Review of Harcourt’s Edition of 1973 Foucault Lectures

Discipline, Punish, Examine and Produce: Foucault’s La société punitive

Delivered between January and March 1973, La société punitive was Foucault’s third annual course at the Collège de France. It is the eleventh of his thirteen courses there to be published, in what have been uniformly excellent editions under the general editorship of François Ewald and the recently deceased Alessandro Fontana. This course has been edited by Bernard E. Harcourt, Julius Krieger Professor of Law and Political Science at the University of Chicago.

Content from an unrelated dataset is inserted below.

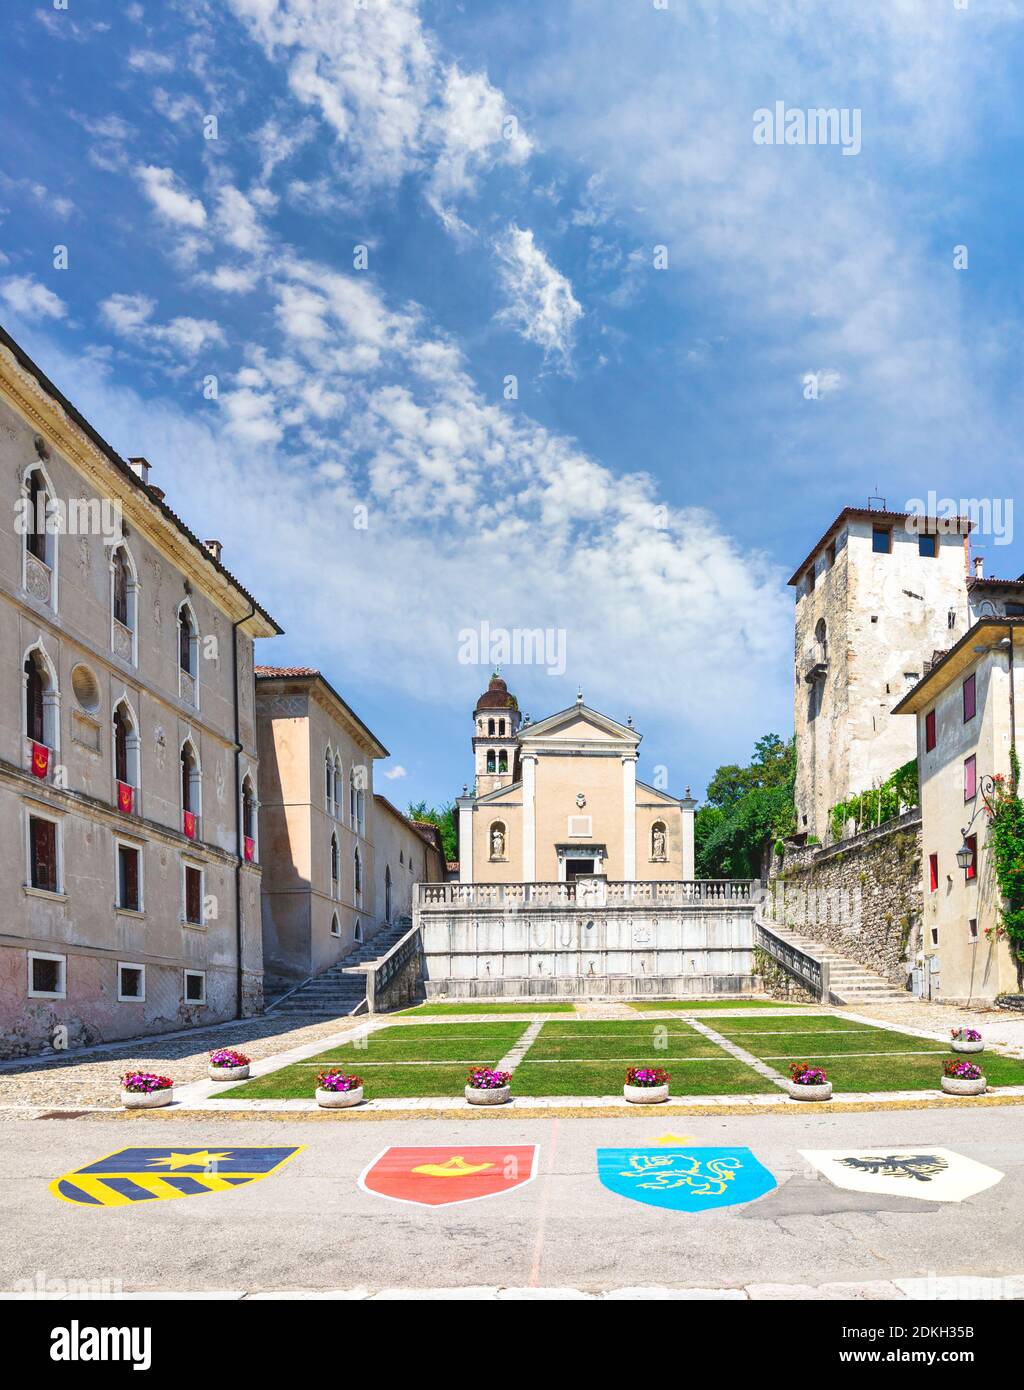 Italien, Venetien, Belluno, Dolomiten, das historische Zentrum von Feltre mit den vier Wappen der Bezirke des palio, die Kirche St. Rochus und das Schloss von Alboin Stockfoto

Harcourt previously co-edited Foucault’s lectures at the University of Louvain from 1981, Mal faire, dire vrai with Fabienne Brion; a course soon to be published as Wrong-Doing, Truth-Telling.

The first several courses published were produced through the transcription of tape recordings made while Foucault lectured, and subsequently archived at the Collège and in the Foucault archive at the Institut Mémoires de l’édition contemporaine (IMEC). Foucault’s partner and literary inheritor Daniel Defert made Foucault’s manuscript notes available to the editors, and they frequently made use of these in their notes and commentaries to highlight undelivered material or variant readings. But with the recently translated Lectures on the Will to Know, another solution had to be found. No known tapes of that course, Foucault’s first at the Collège, existed, and so Defert himself edited the course entirely on the basis of Foucault’s manuscript.  This course presented a somewhat different challenge. The tapes did once exist, and a detailed typescript was made using them, which Foucault himself reviewed and corrected. But the tapes in the archive have lectures from 1974 on them, instead of this course, and attempts to find other copies have been unsuccessful. Harcourt has therefore used the typescript as the basis for this edition, with some quite extensive additions and variant readings from Foucault’s manuscript provided in the notes. He has filled in the references in some detail, and contributes a very useful ‘Situation du cours’ at the end of the volume.

The most obvious way to read the book is as an early draft of Discipline and Punish. Foucault gave these lectures between January and March 1973; completed a draft of the book in April; and the final version in August 1974 before its publication in February 1975. Those looking for those early traces will find plenty of connections – the regicide Damiens appears here, there are discussions of Bentham, Beccaria and Colquhoun; and the theme of the prison is very important. However some crucial themes in Discipline and Punish are not highlighted here, and it is clear that Foucault elaborated many aspects that would form part of the book in subsequent lectures both at the Collège – the course from 1974 entitled Psychiatric Power – and elsewhere, notably the ‘Truth and Juridical Forms’ lectures given in Rio in May 1973. Notable among these absences is the striking image of the Panopticon – briefly mentioned here, but Foucault discusses other prison designs instead.